Records shown:

-- Opening Marker --

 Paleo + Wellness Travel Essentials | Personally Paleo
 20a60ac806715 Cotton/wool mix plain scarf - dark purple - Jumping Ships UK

-- Closing Marker --
-- Opening Marker --

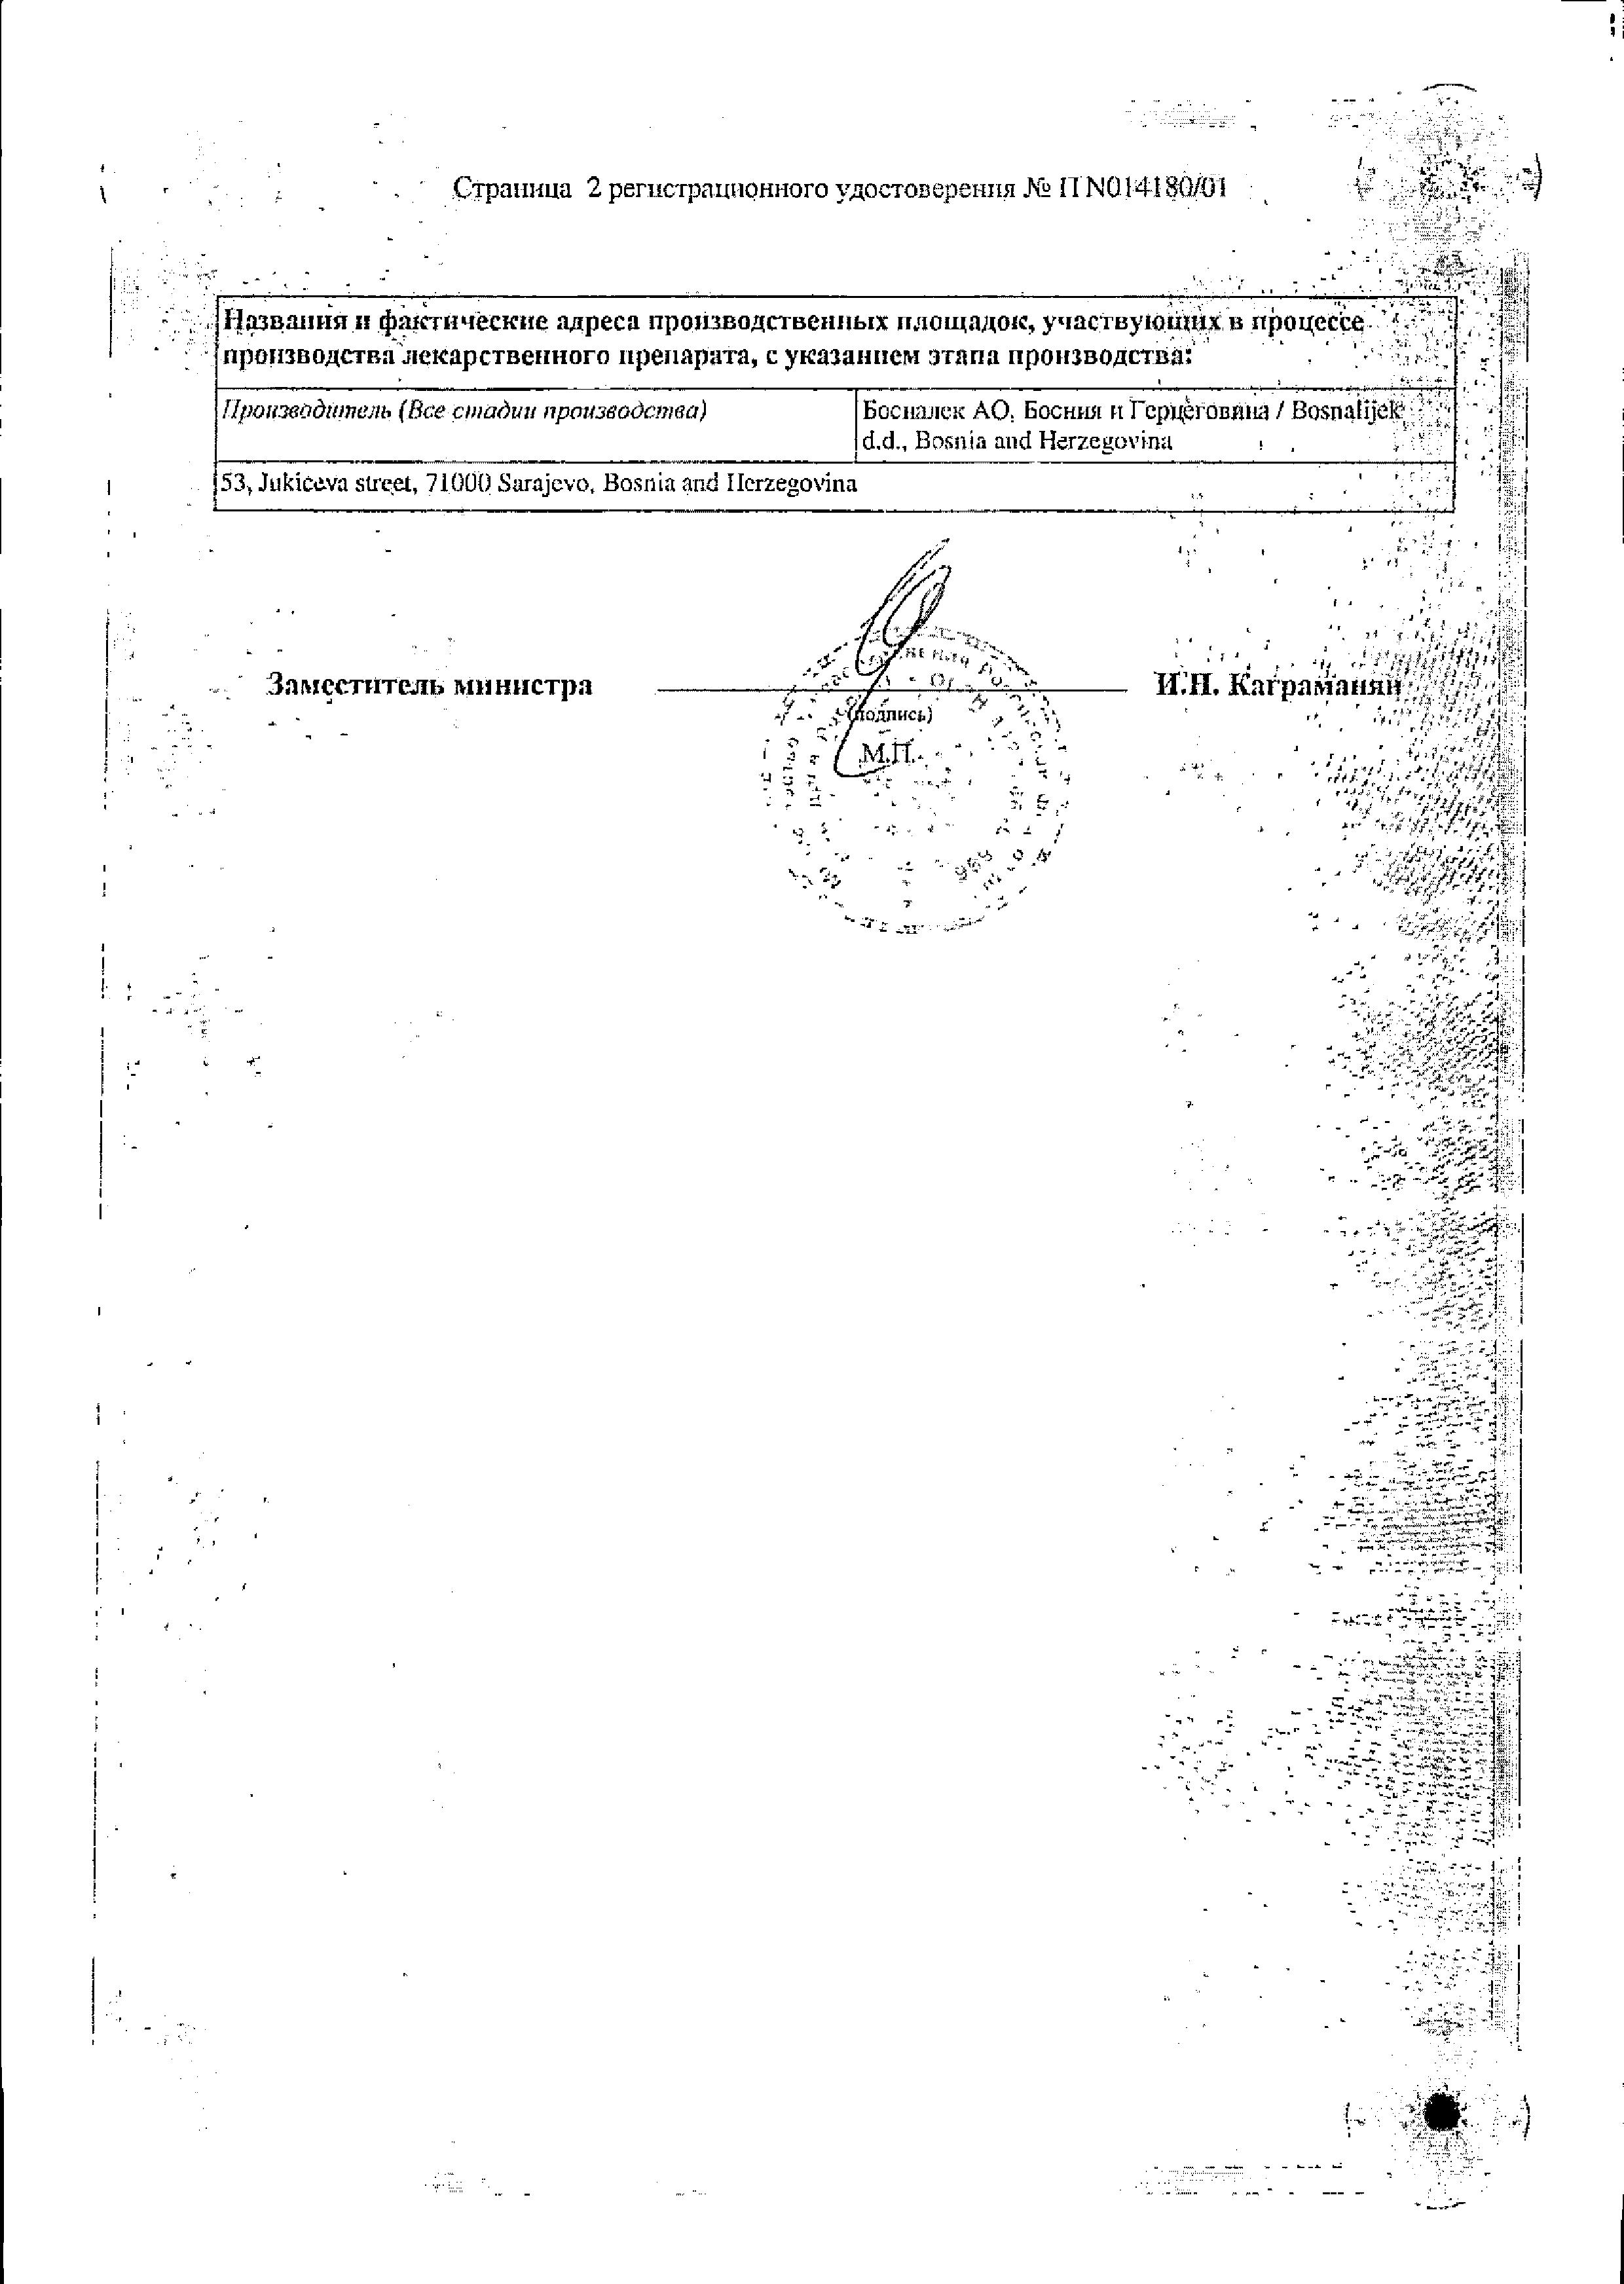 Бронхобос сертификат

-- Closing Marker --

What this task involves: Write out exactly the lines that fall from the line with "Paleo + Wellness" to the line with "20a60ac806715 Cotton/wool mix" in the records above, keeping both ends.

Task result:
 Paleo + Wellness Travel Essentials | Personally Paleo
 20a60ac806715 Cotton/wool mix plain scarf - dark purple - Jumping Ships UK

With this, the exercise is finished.